◆ **What you are asked to do**
All of the data below should be set down again verbatim, without any images.

◆ **Information provided**

•••••

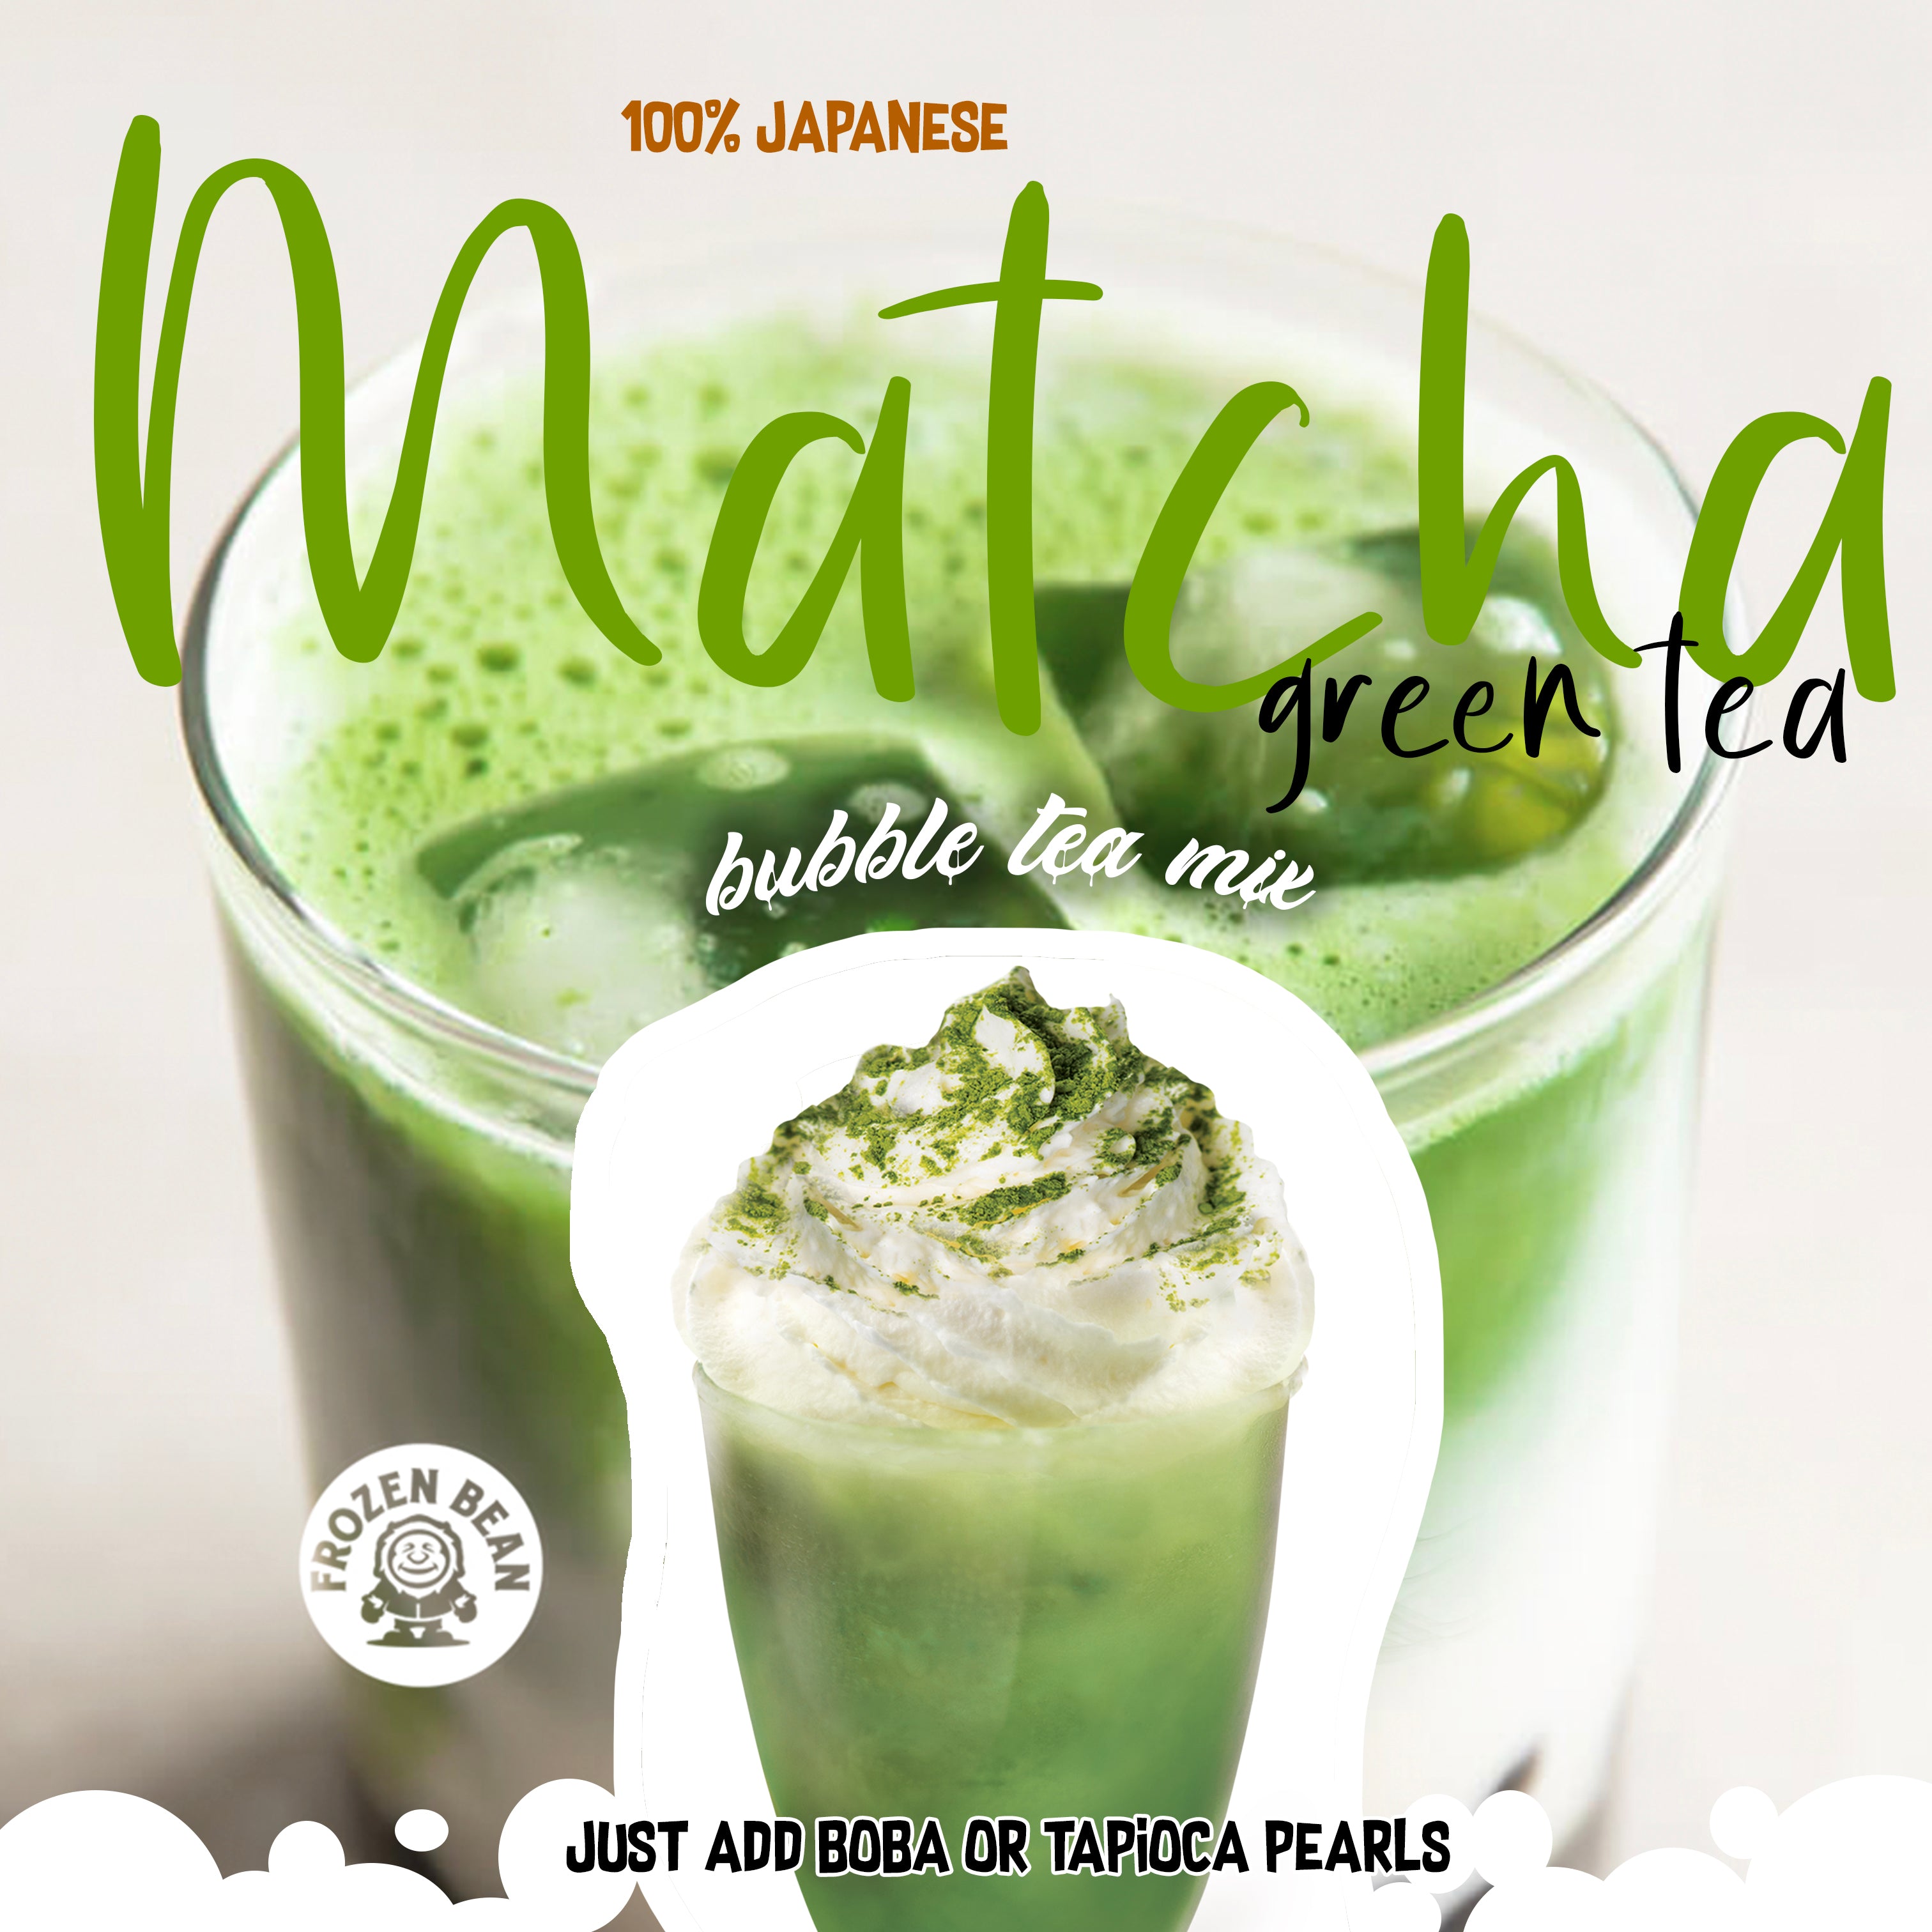 akademisk Grader celsius avis The Frozen Bean Ultra-Premium Matcha Green Tea - Bubble Tea Mix
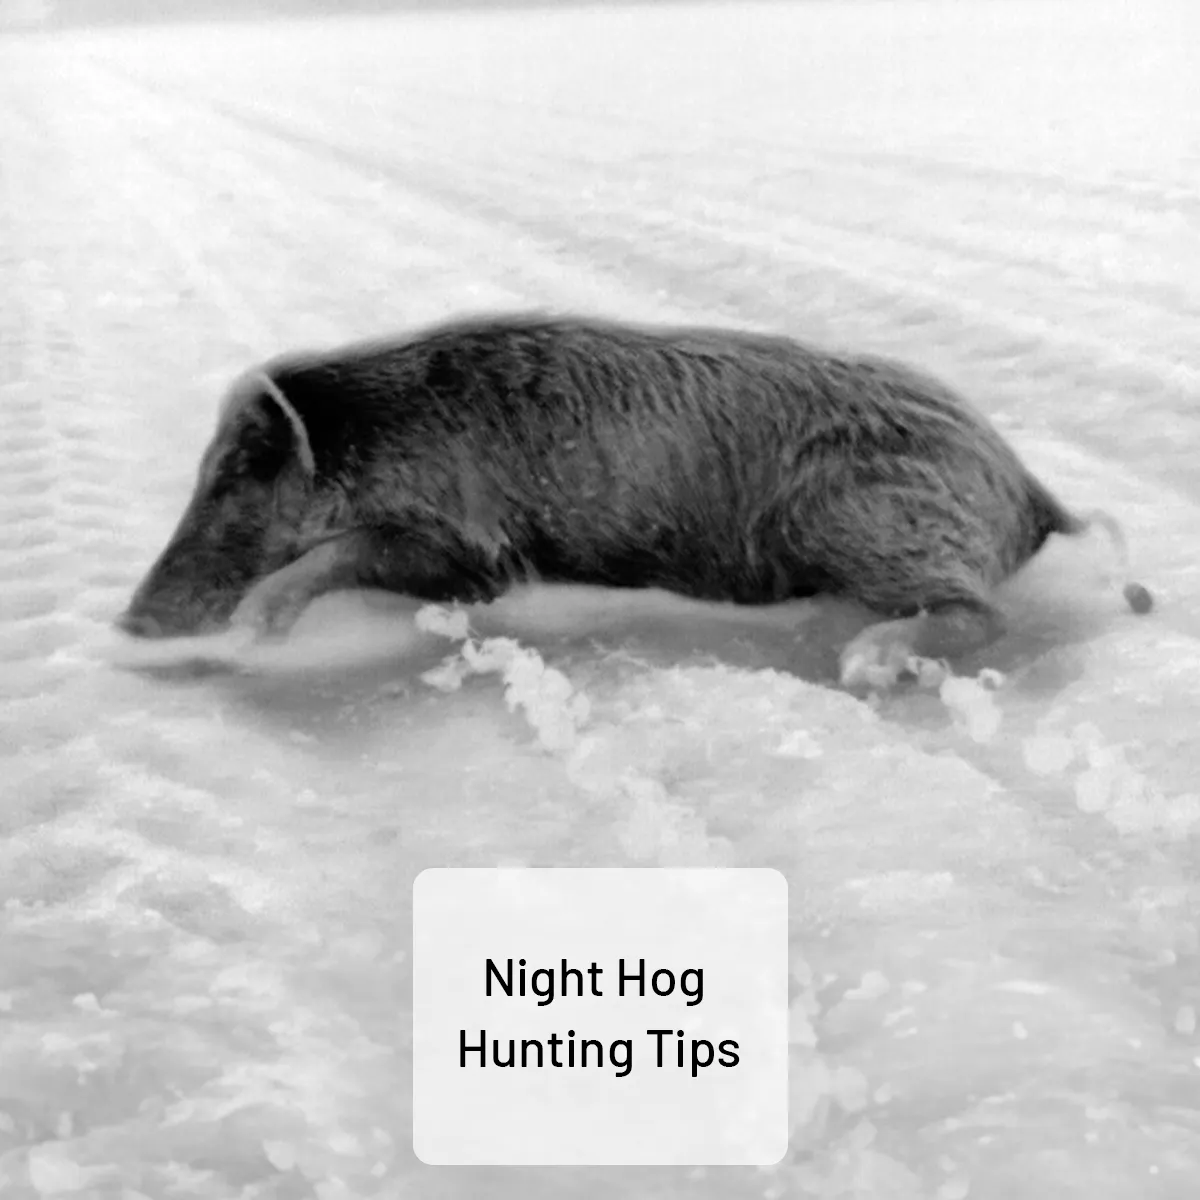 Night hog hunting tips
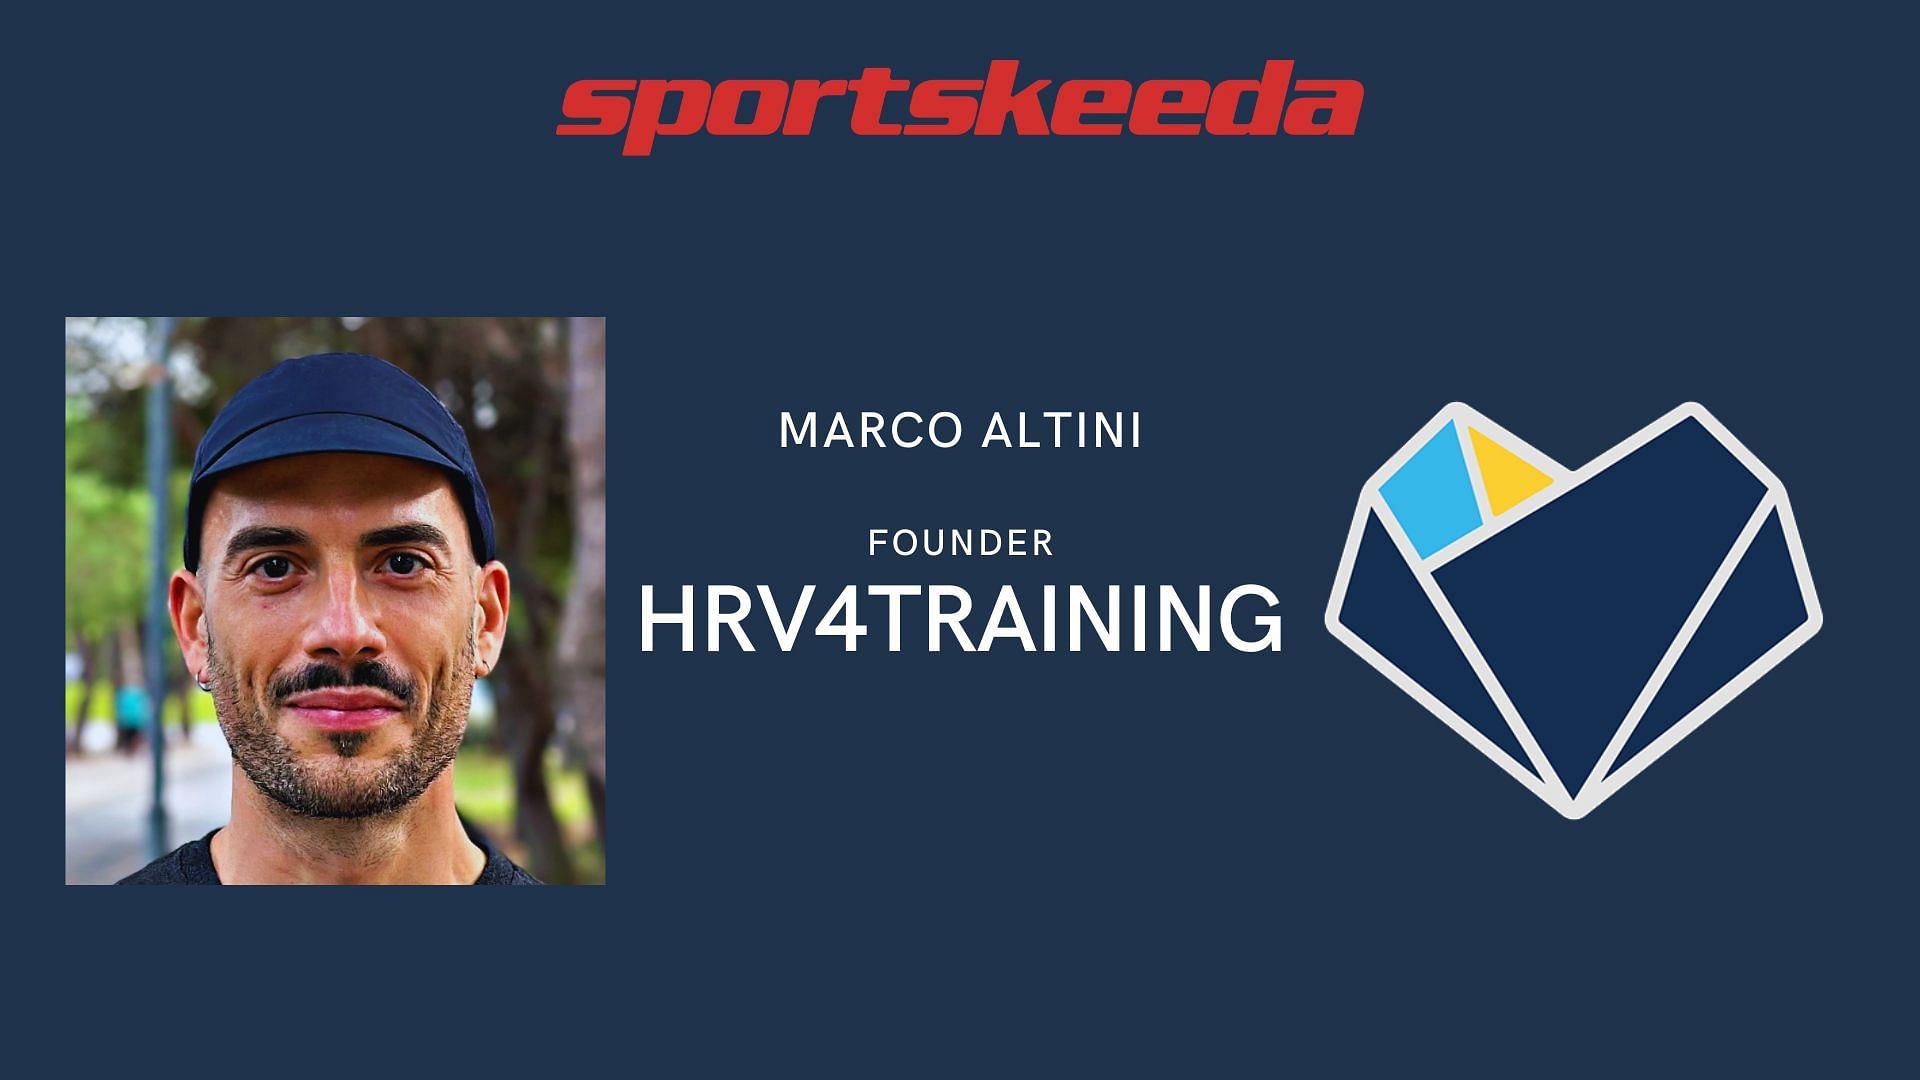 Marco Altini &amp; HRV4training exclusive for sportskeeda

•••••

◆ **Reply to the exercise**
 akademisk Grader celsius avis The Frozen Bean Ultra-Premium Matcha Green Tea - Bubble Tea Mix
 Night hog hunting tips
 Marco Altini &amp; HRV4training exclusive for sportskeeda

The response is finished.